Ammonia prices have risen dramatically as a result of this. Fertilizer prices have risen dramatically. So it really is an existential energy crisis that occurs not only on the power side of it, but also on the food side of it. So it's a big issue. And with that, that's the narrative. I'm going to pause and we'll answer a few questions on it. And so please open it up for us.

Brett Magill
Managing Director and Head of Investor Relations, New Fortress Energy

Thanks, Michelle. We'll go ahead and take it into Q&A from here.

Operator

As a reminder to ask a question, please press star then one. Our first question comes from Spiro Dounis with Credit Suisse. Your line is open.

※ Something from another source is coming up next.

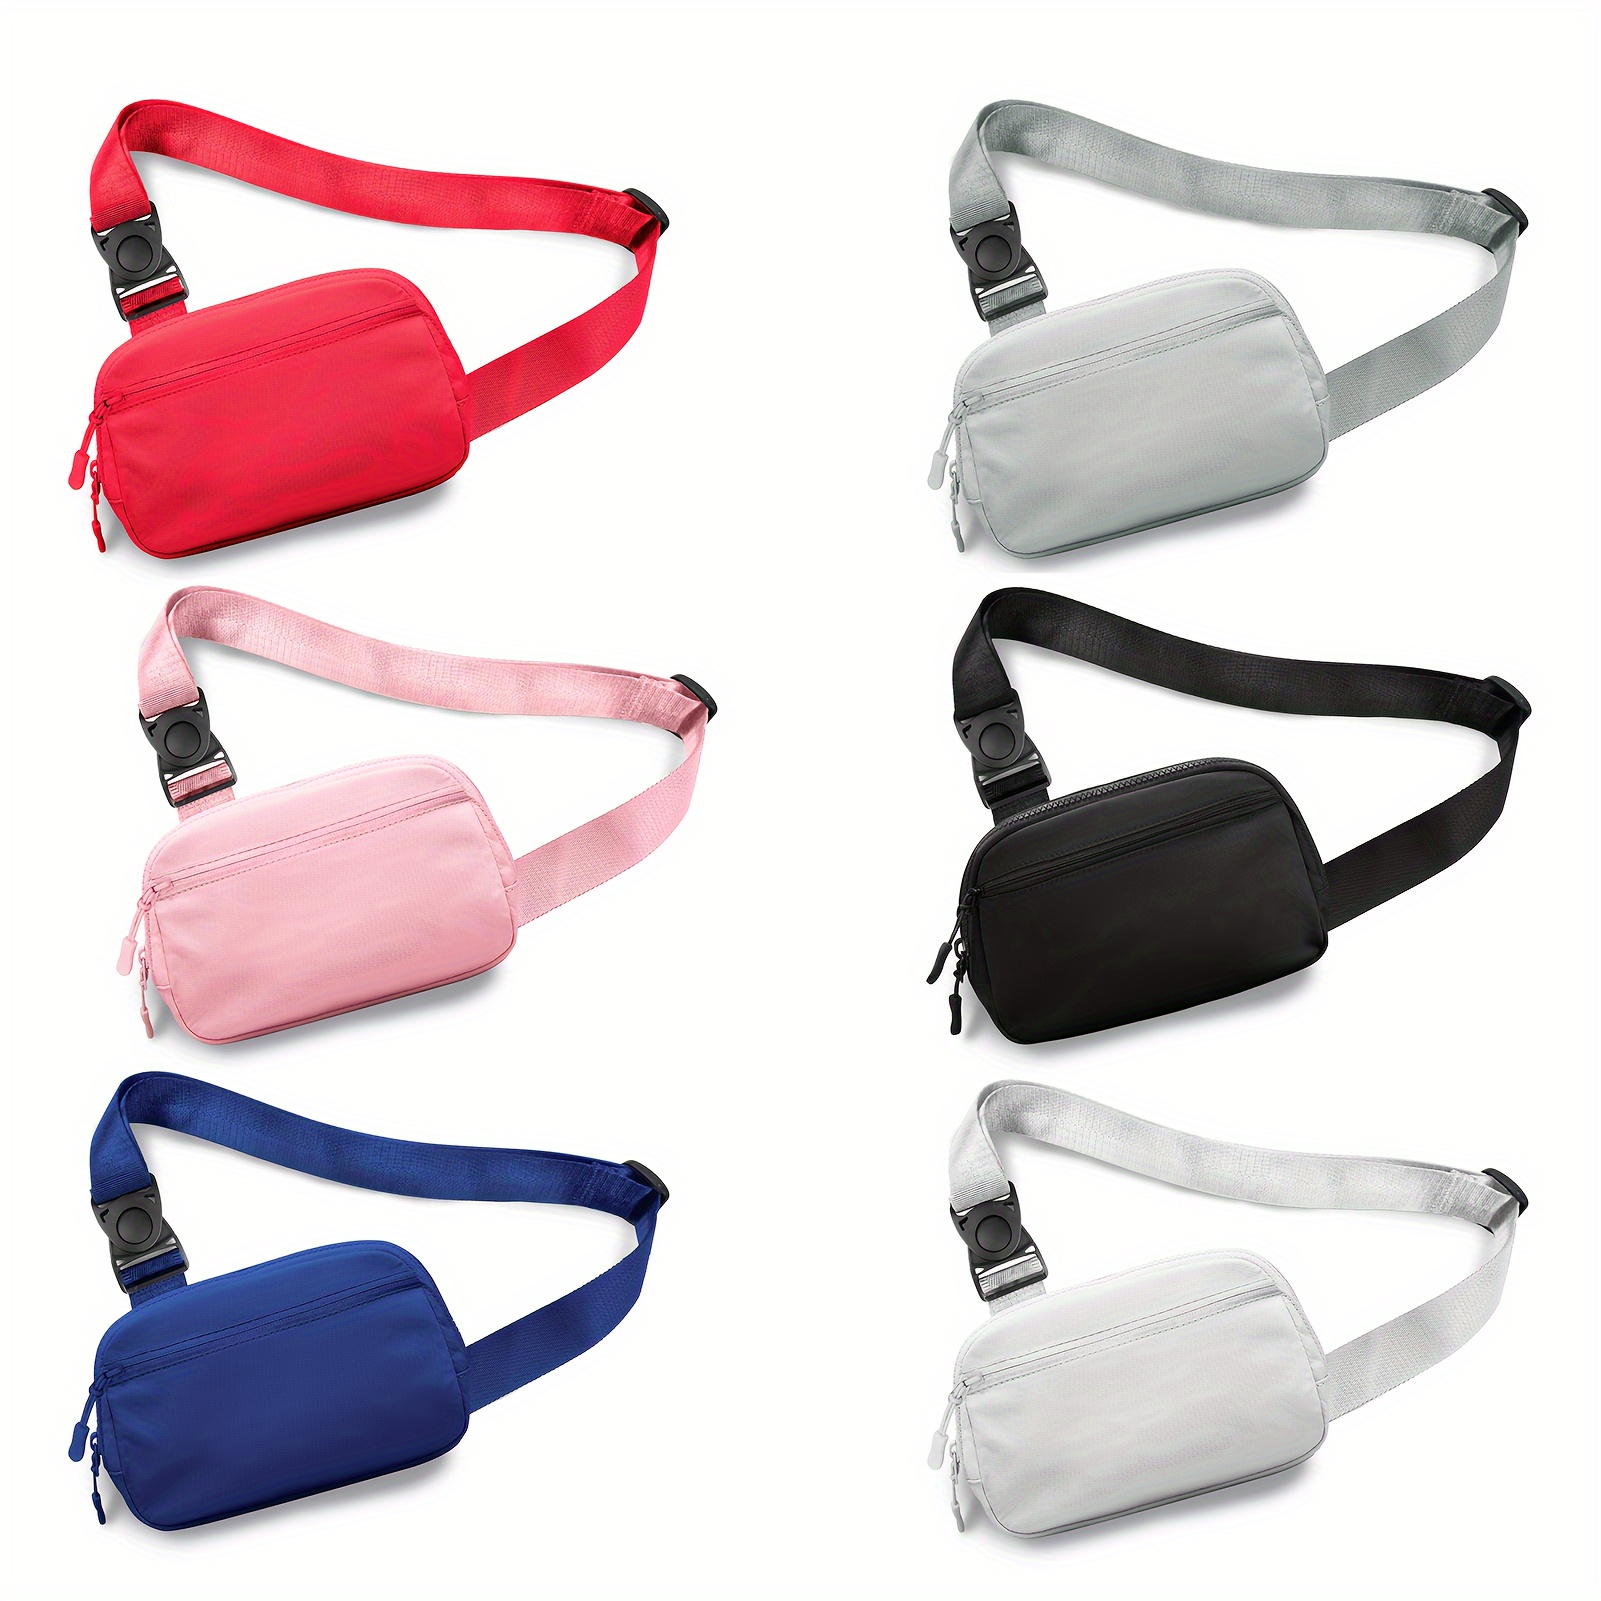 

Mini Crossbody Bag With Adjustable Shoulder Strap 1l Small Belt Bag For Fitness, Running, Traveling And Hiking Black
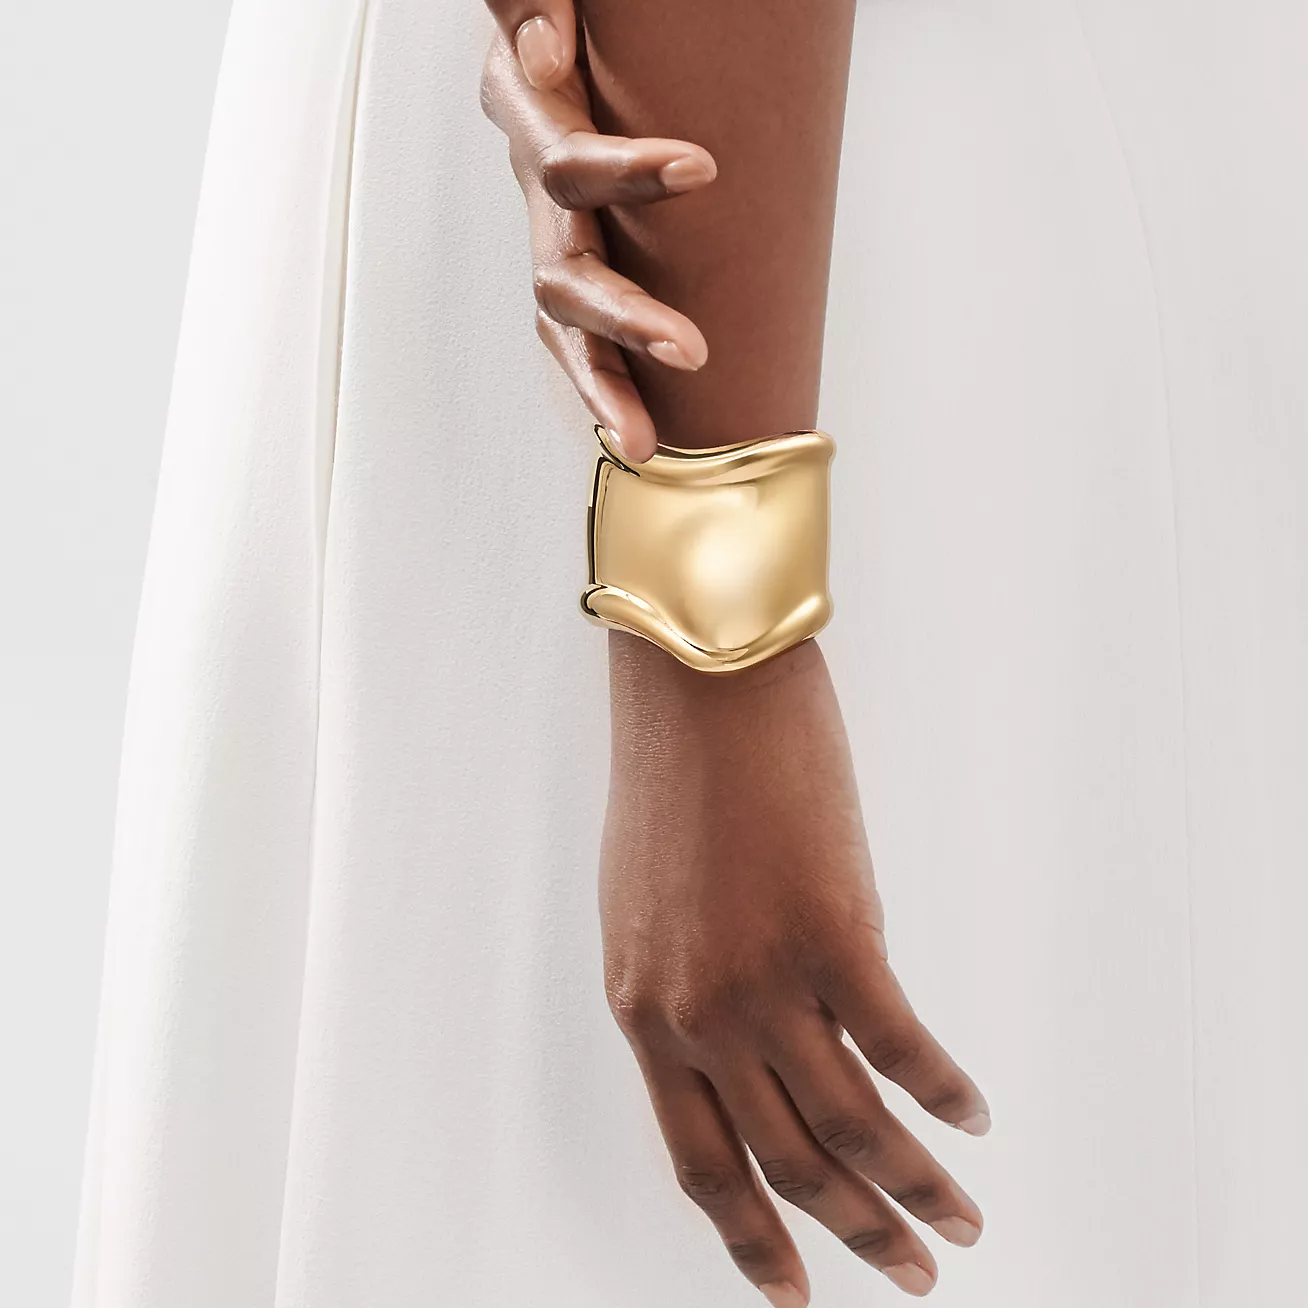 Gold Asymmetrical Hair Cuff Bracelet for Locs

Thanks, operator. Good morning, everybody. Wesley, back to that concept of the Fast LNG factory that you mentioned. Pretty common question we got over the last day was, what is preventing you from adding several more of these units in the Gulf of Mexico or elsewhere over the next three years? To your point on the structural shortage, there's really only Golden Pass coming online between now and 2024. And then after that, kind of a big void again until about 2026, 2027. So curious how you're thinking about the speed at which you can add these units and what some of the practical constraints are here.

Wes Edens
CEO and Chairman of the Board, New Fortress Energy

Sure. So with respect to the locations that we can put this into, basically any place where there are pipeline connections from the shore where there's adequate gas supply, you can put it. So you look around the United States, that obviously is the case in Louisiana. It's obviously the case in Texas. And it could be in other places as well if they had adequate pipelines. One aside is that in our learning and investigation of the gas markets in the United States, my simple view is that we don't really have a gas shortage problem. What we really have is a pipeline and infrastructure and regulatory challenge. Because really, you have significant pipeline constraints.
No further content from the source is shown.